Hauptmann Sheelon war festgenommen worden, unmittelbar nachdem er mit Balinor gesprochen hatte, um zu verhindern, daß er die Anweisungen des Prinzen ausführte. Mit Balinor, den Elfen-Brüdern und den engen Freunden des Prinzen, Acton und Messaline, im Gefängnis, schien gesichert zu sein, daß es in der Stadt keine Probleme mehr geben würde. Man hatte bereits ausgestreut, daß Balinor zu einem kurzen Besuch eingetroffen und schon wieder fortgegangen sei, um sich erneut mit Allanon zu treffen, mit jenem Mann, der, wie Stenmin bezeugt hatte, ein Gegner und eine Bedrohung des Landes Callahorn war. Sollten andere Freunde Balinors auftauchen und Zweifel an den Behauptungen äußern, würden sie wohl zuerst in den Palast gehen, um mit Palance zu sprechen, und es würde ein leichtes sein, auch sie unbemerkt verschwinden zu lassen. Zweifellos wäre das bei fast allen möglich gewesen, nur eben nicht bei Höndel. Der schweigsame Zwerg kannte Stenmins tückische Art gut genug und argwöhnte, daß es dem hageren Mystiker gelungen war, den verstörten Palance völlig in die Hand zu bekommen. Höndel dachte nicht daran, sich offen zu zeigen, bevor er herausgefunden hatte, was mit seinen vermißten Begleitern geschehen war.

Was ihn nach Tyrsis geführt hatte, war eine sonderbare Entwicklung.
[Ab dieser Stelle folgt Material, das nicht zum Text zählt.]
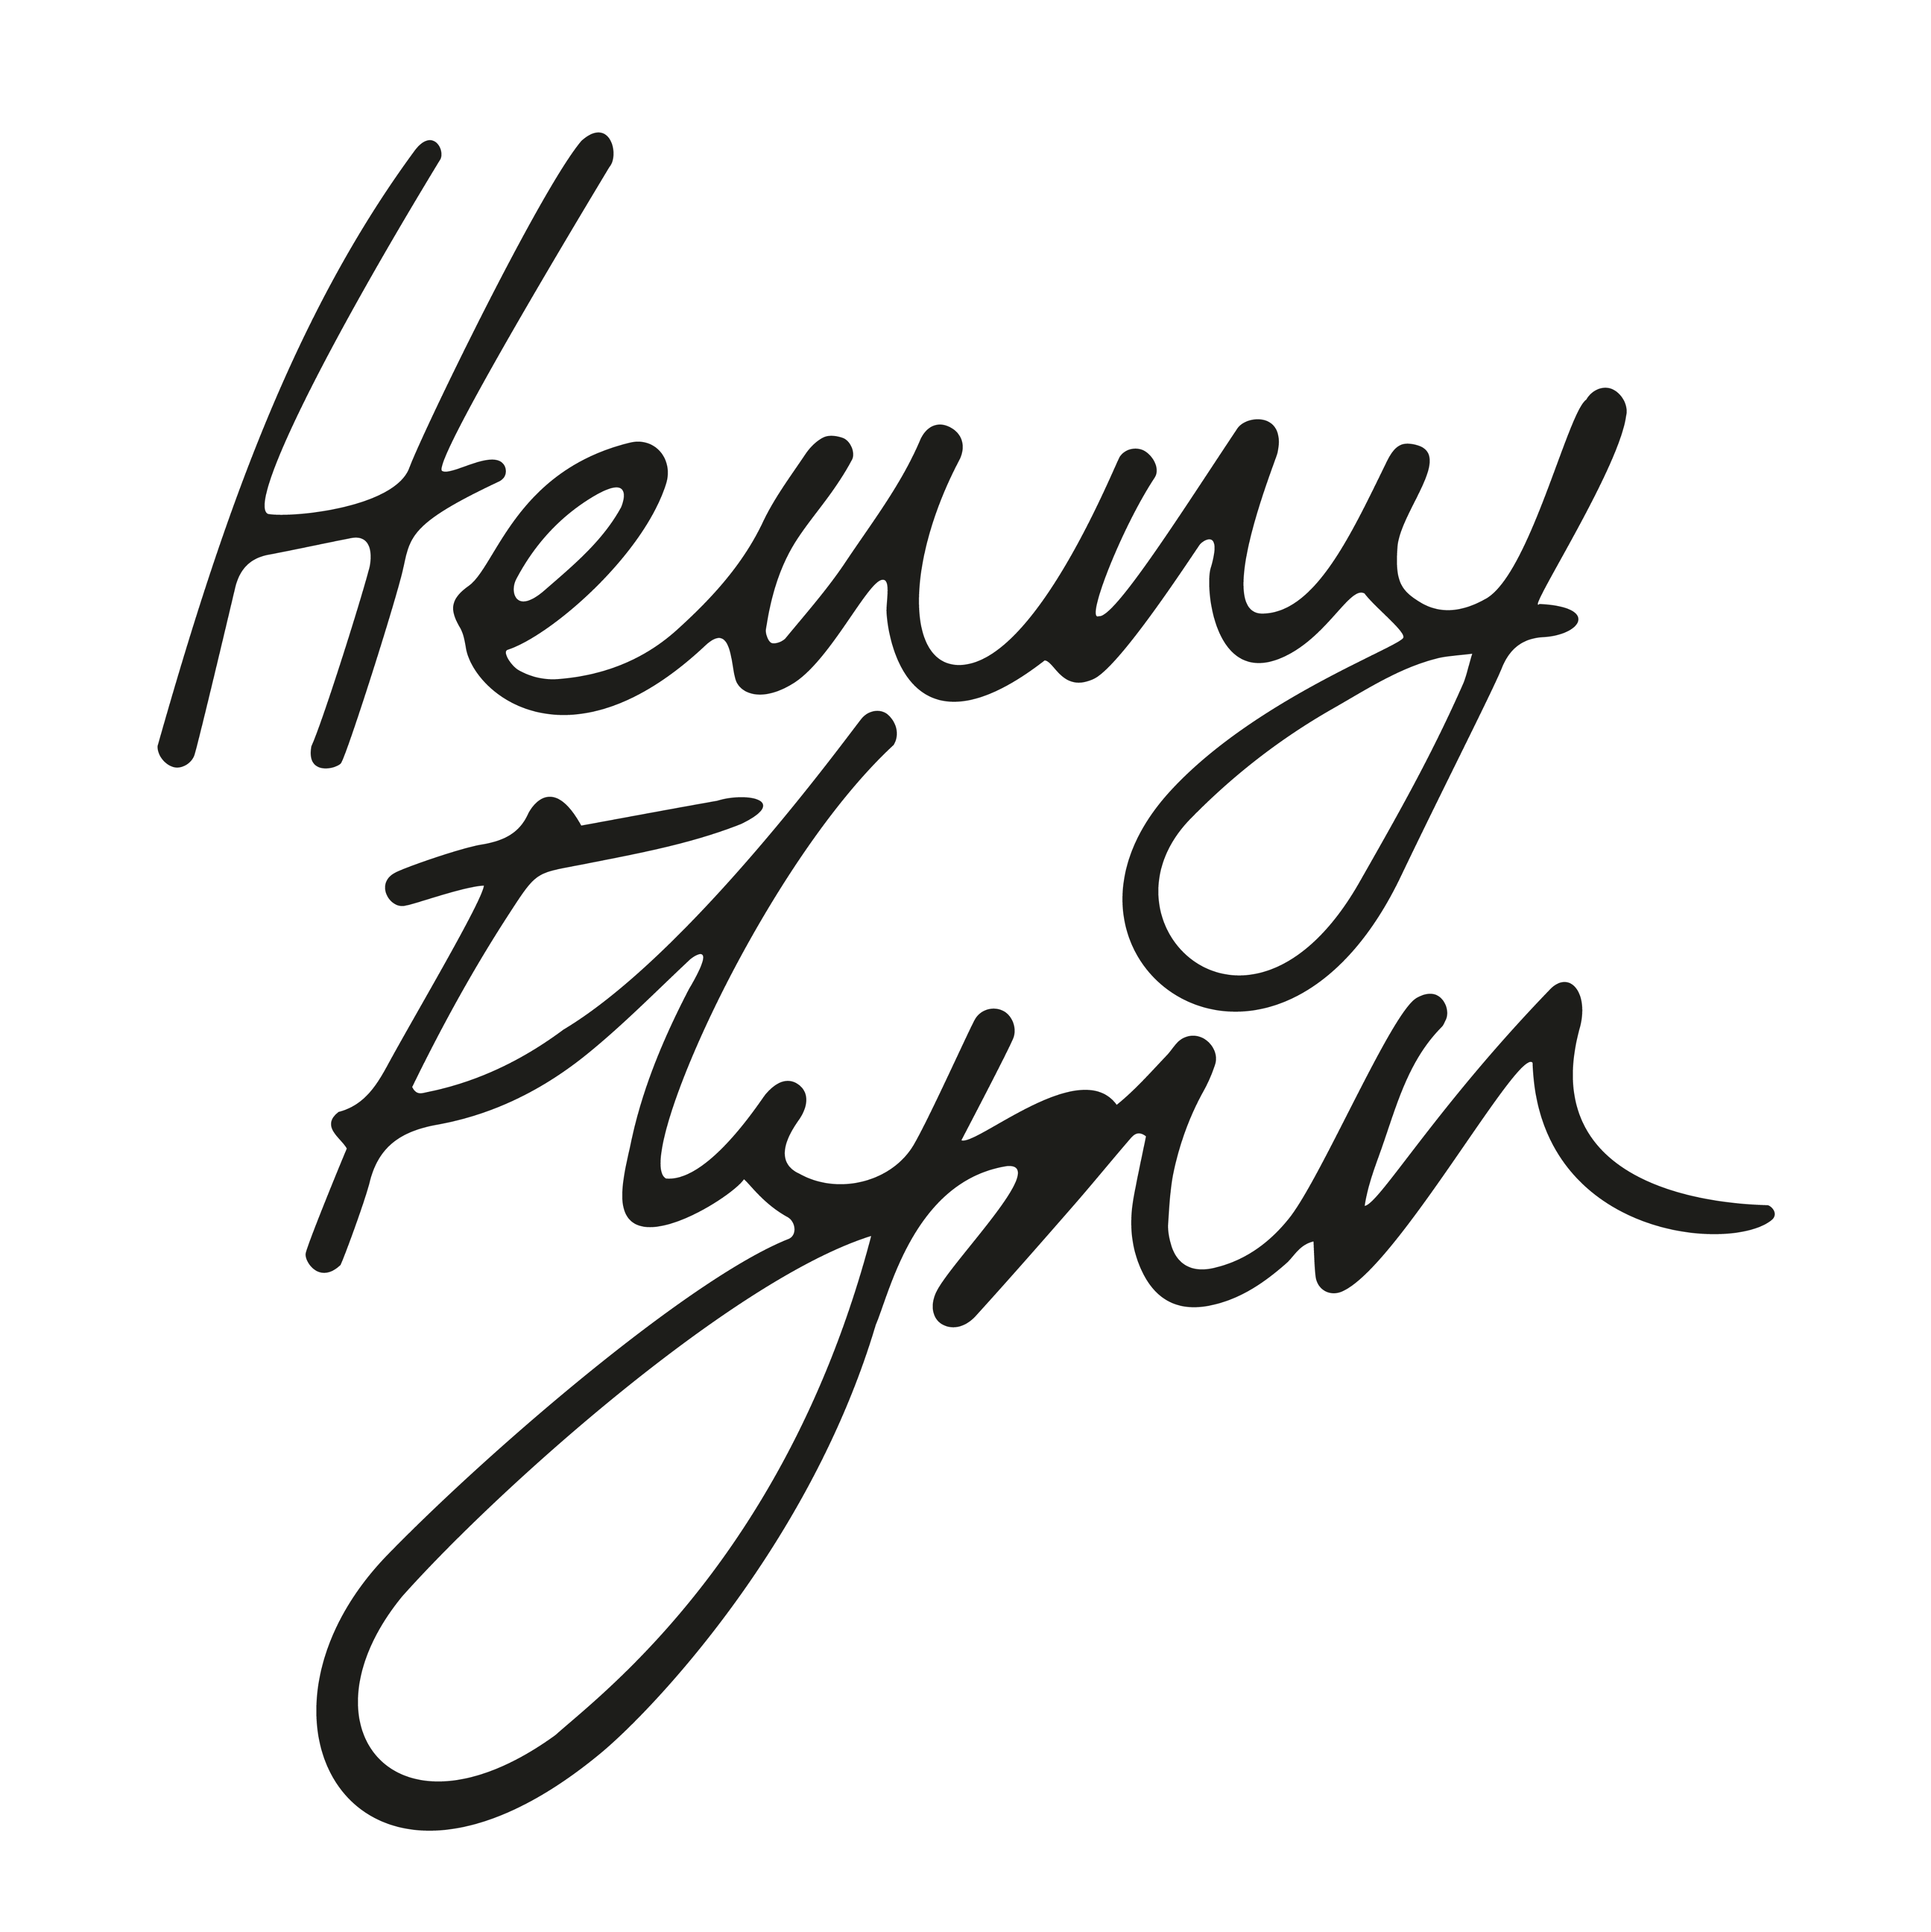 Henny Flynn logo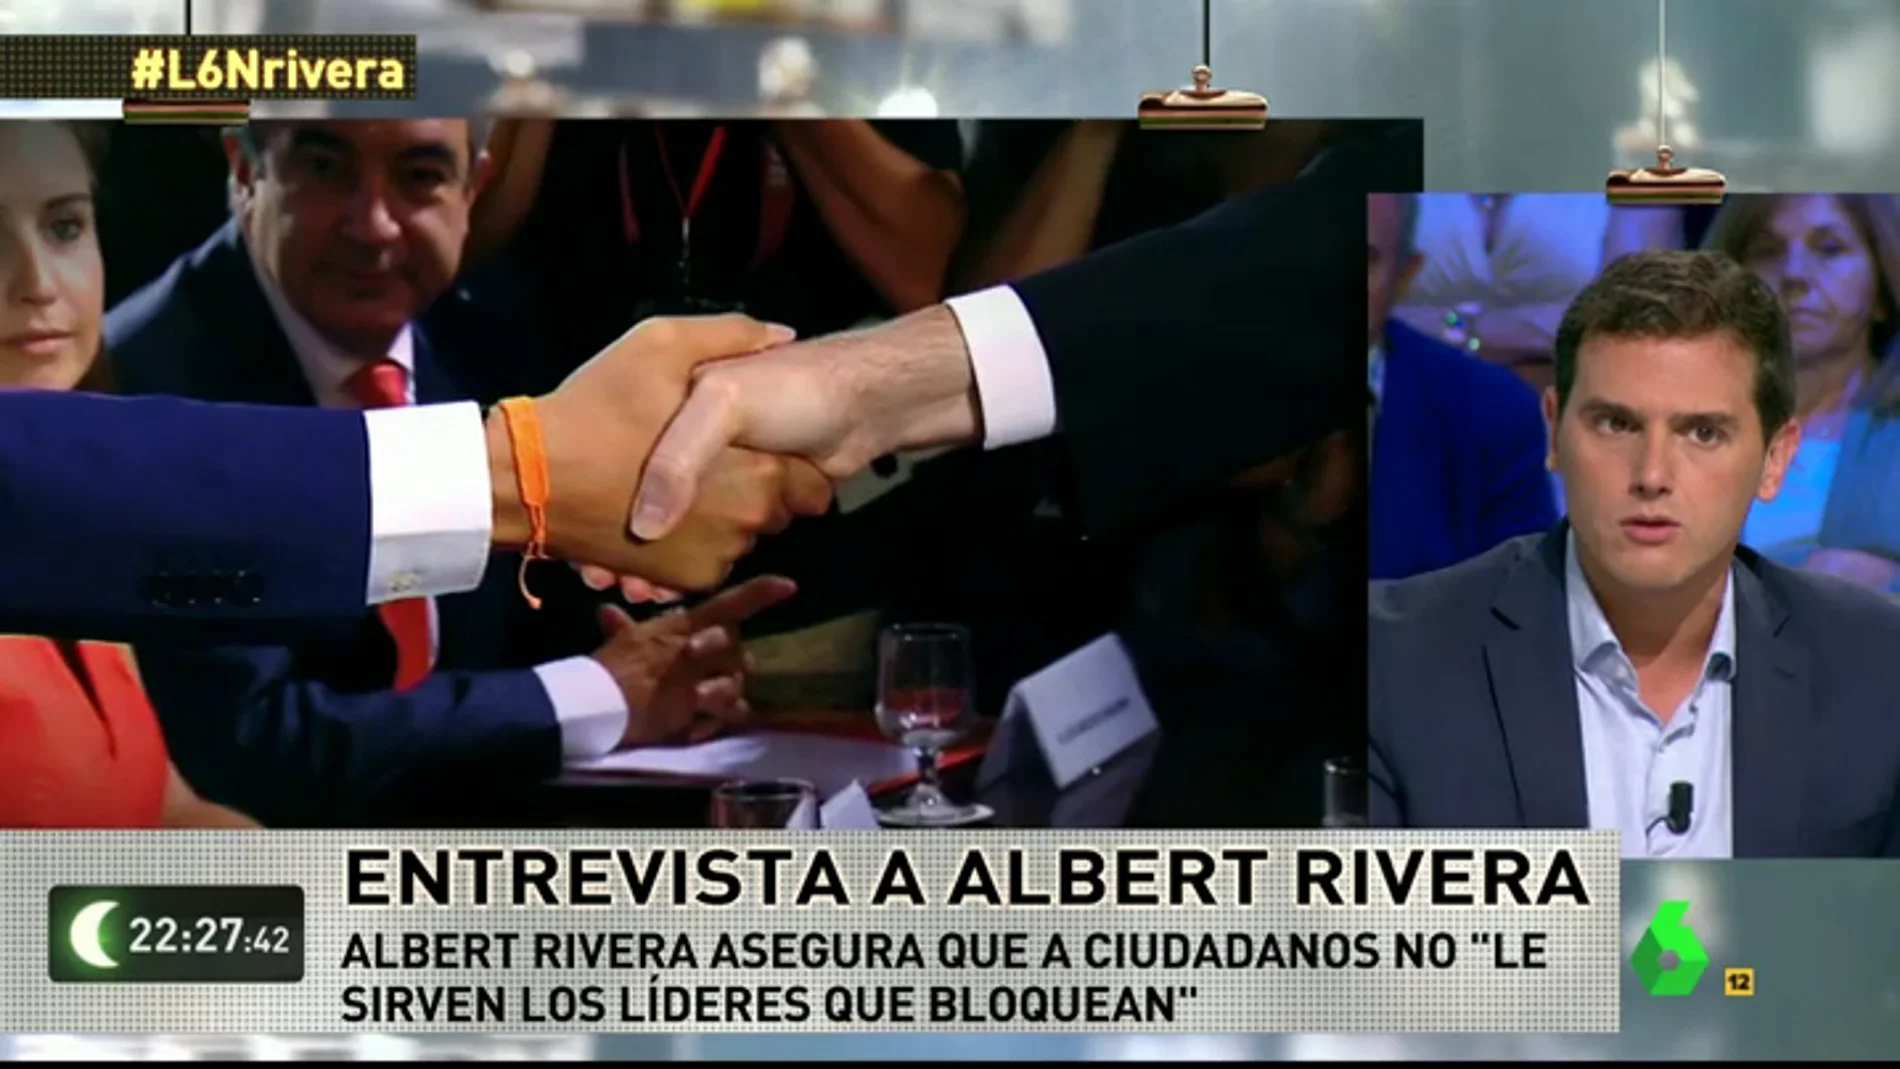 Frame 72.033331 de: Albert Rivera: "En Ciudadanos somos el partido del 'sí', otros como Podemos están siempre en el 'no'"

Nachdem er sich im Wald nördlich der Festung von Balinor und den Elfen verabschiedet hatte, war er entschlossen gewesen, sofort nach Varfleet zu gehen und von dort aus den Rückweg nach Culhaven anzutreten. In seinem eigenen Land angelangt, wollte er bei der Mobilisierung der Zwergenarmeen helfen, um die südlichen Gebiete des Anar gegen die Invasion des Dämonen-Lords zu verteidigen. Er war die ganze Nacht durch die Wälder nördlich von Varfleet gewandert und hatte am Morgen die Stadt erreicht, um auf der Stelle alte Freunde aufzusuchen und sich nach einem kurzen Gespräch schlafen zu legen. Bis er wach wurde, war es Nachmittag, und nachdem er sich gewaschen und gegessen hatte, wollte er den Weg nach Hause antreten. Er war noch nicht an den Stadttoren, als ein erschöpfter Trupp von Zwergen durch die Straßen wankte und verlangte, sofort vor den Rat geführt zu werden. Höndel begleitete sie und fragte einen der Zwerge aus. Zu seinem Schrecken erfuhr er, daß eine mächtige Armee von Trollen und Gnomen vom Gebirge her direkt auf Varfleet zumarschierte und in den nächsten Tagen zuschlagen werde. Die Zwerge gehörten zu einer Patrouille, der es gelungen war, die Armee zu entdecken, und die versucht hatte, die Südländer zu warnen. Bedauerlicherweise waren sie entdeckt worden, und bei einem Gefecht hatten die meisten von ihnen den Tod gefunden.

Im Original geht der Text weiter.